Preserving history. Honoring excellence. Connecting generations. That’s what the Baseball Hall of Fame voting is supposed to be all about. It says so, in those very words, at the top of the cover letter accompanying the official ballot.

They might as well have put “playing moralist” up there, too.

That’s what you end up doing. You judge some of the candidates not by what they did on the field but what they did off it. Which brings us to Mark McGwire. If he has officially disowned his past, as he did in front of Congress that day, why should the Hall of Fame voters reward him for it?

That’s the part I can’t get past. I didn’t vote for McGwire and never have. But that doesn’t mean I’m happy about it. Truth is, I wish it hadn’t come to this. I wish there were guidelines, in black and white, for how voters should treat players who are believed to have disgraced the game by using performance-enhancing drugs.

Instead of black and white, there’s only gray. Instead of proof, there are only allegations. Instead of reality, there’s only the perception McGwire himself fueled with his infamous “I’m not here to talk about the past” speech in Washington.

McGwire is a surefire Hall of Famer based on his numbers.
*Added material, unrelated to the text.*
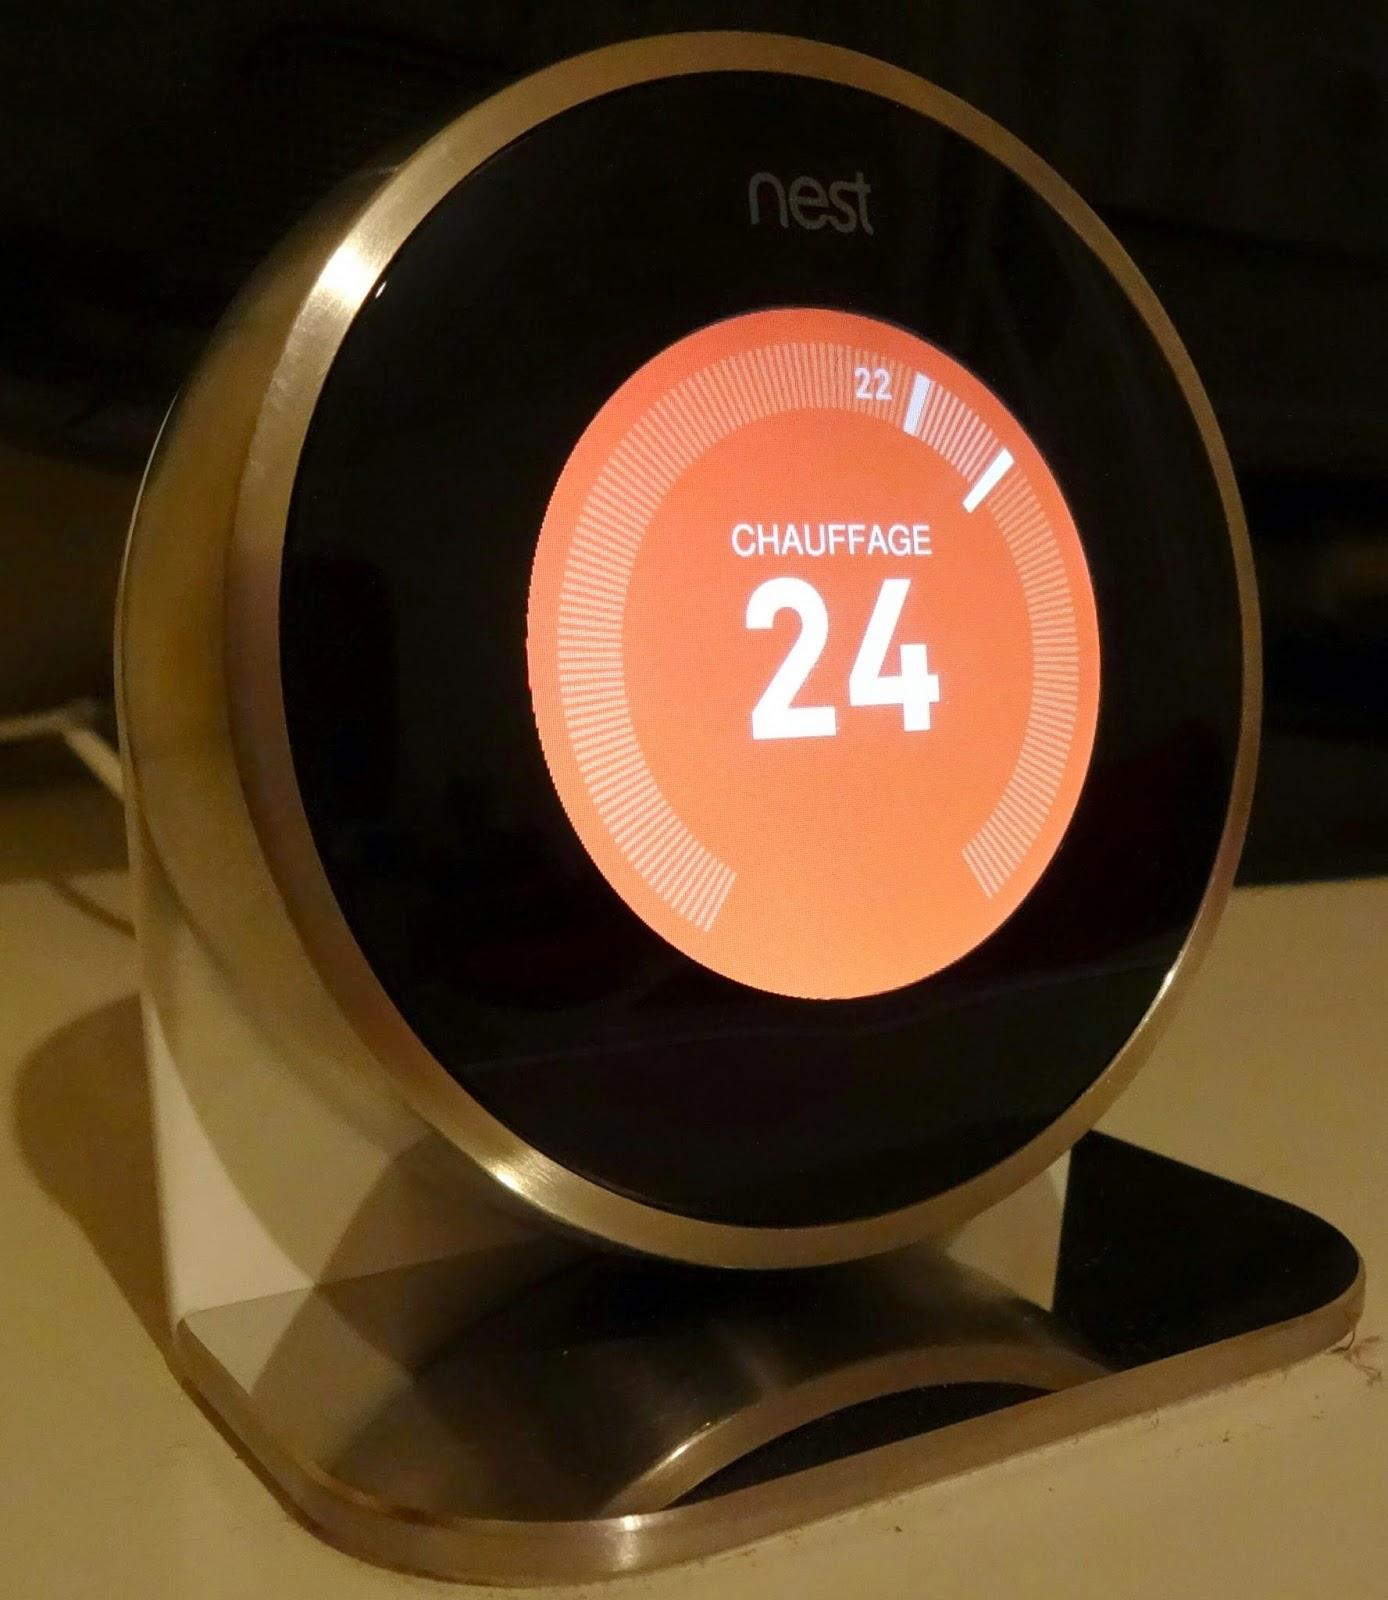 Mes droldids installer un thermostat connect nest - Thermostat connecte nest ...

He was the Harmon Killebrew of his generation, with strikingly similar numbers — .263-583-1,414 to Killebrew’s .256-573-1,584 — to prove it. But numbers won’t define McGwire’s career.

So he’s off my ballot, as is Tim Raines, another certain Hall of Famer if not for his admitted use of cocaine before, after and, yes, during games. He thus becomes the first player ever left off my ballot for using performance-inhibiting drugs.

I only mention him because, for much of the 1980s, Raines was every bit the player Rickey Henderson was. They were prototypical leadoff hitters, table setters who could hit for average, draw walks and run at will, disrupting the rhythm of every pitcher they encountered along the way.

But today, only Henderson gets my vote. He’ll no doubt go in on the first ballot, and the hope here is that Jim Rice, in his 15th and final year on the ballot, will join him, better later than never.

Rice also got my vote, as did Jack Morris, the best big-game pitcher of his generation, and Alan Trammell, a shortstop who drove in 1,000-plus runs and hit .300 seven times.